I get where you're coming from, but the sad fact is when politics infest entertainment to the point the politics become more important than the entertainment it becomes propaganda.
There certainly is politics in quality games as far back as Metal Gear Solid, and as recently as Baldur's Gate 3... but Veilguard and Sweet Baby Inc influenced games are on the other side of the paradyme.
The question is ballance, and if it can be subtle at best, maybe balanced... but then it becomes overbearing to the point you're receiving a lecture in a game you paid damn good money to play.
And I believe games in Australia are a shitload, right?
I don't consider political messaging inherently a negative. I mean I love Cold War Scifi, and plenty that was far from subtle with it's political messaging.
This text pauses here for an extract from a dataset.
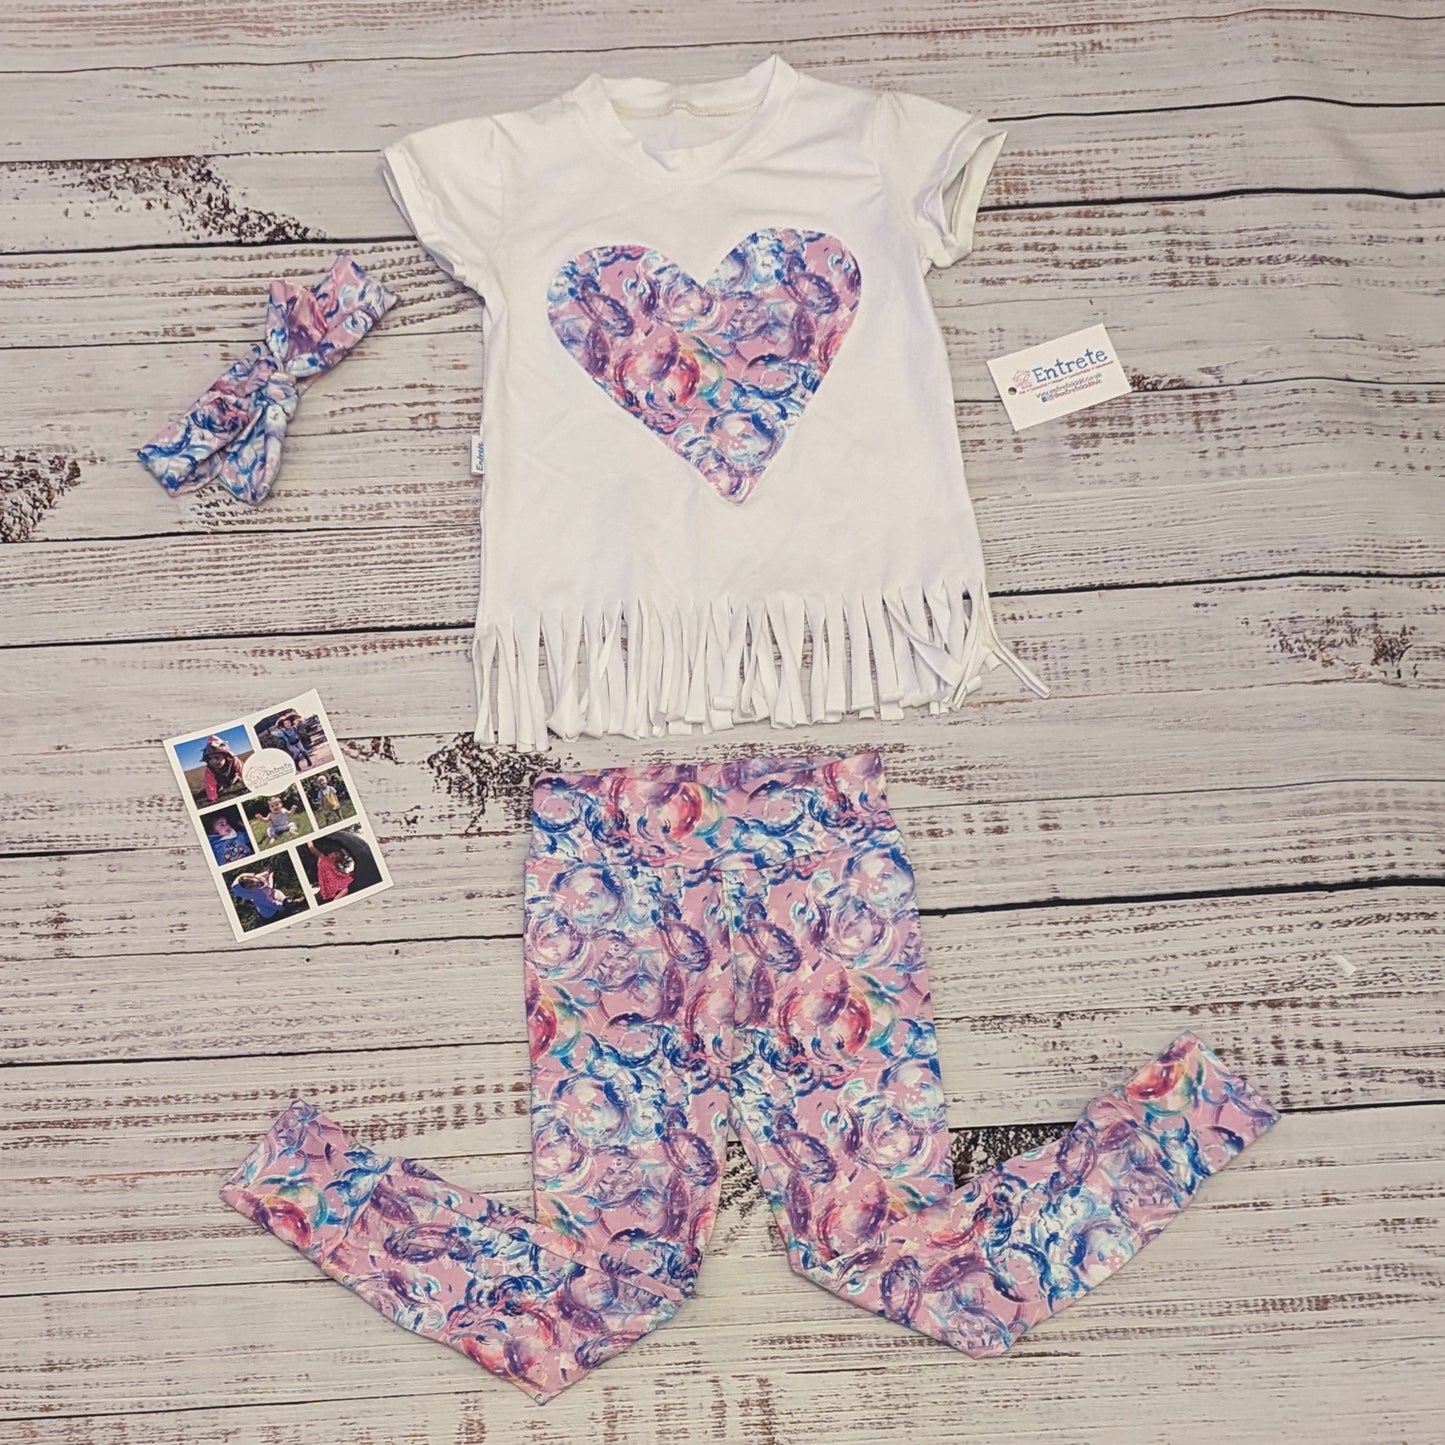 The bubblegum pink bubbles leggings shown as an outfit with matching pink bubble heart tassel tee and headband.

I even enjoy FPS games (modern or WWII) that are full of corny flag waving Americana, and that doesn't exactly align with my personal tastes or politics, although my enjoyment there is more about the game mechanics than any narrative.
Sure, if it's overly preachy that's going to detract from my enjoyment, but even though you get the occasional JRPGS that can have wall-of-text exposition, it's not exactly the norm for gaming to have "Atlas Shrugged" style 33899 word political monologues.
I wouldn't get a game like Dustborn, because the characters, world building and gameplay don't appeal to me. Presumably I'm not their target audience. It looks like it was aimed at young Americans, raised on a consumer diet of Marvel Movies and Glee. I guess it's good that scifi gaming is now big enough to have a diversity of niche products.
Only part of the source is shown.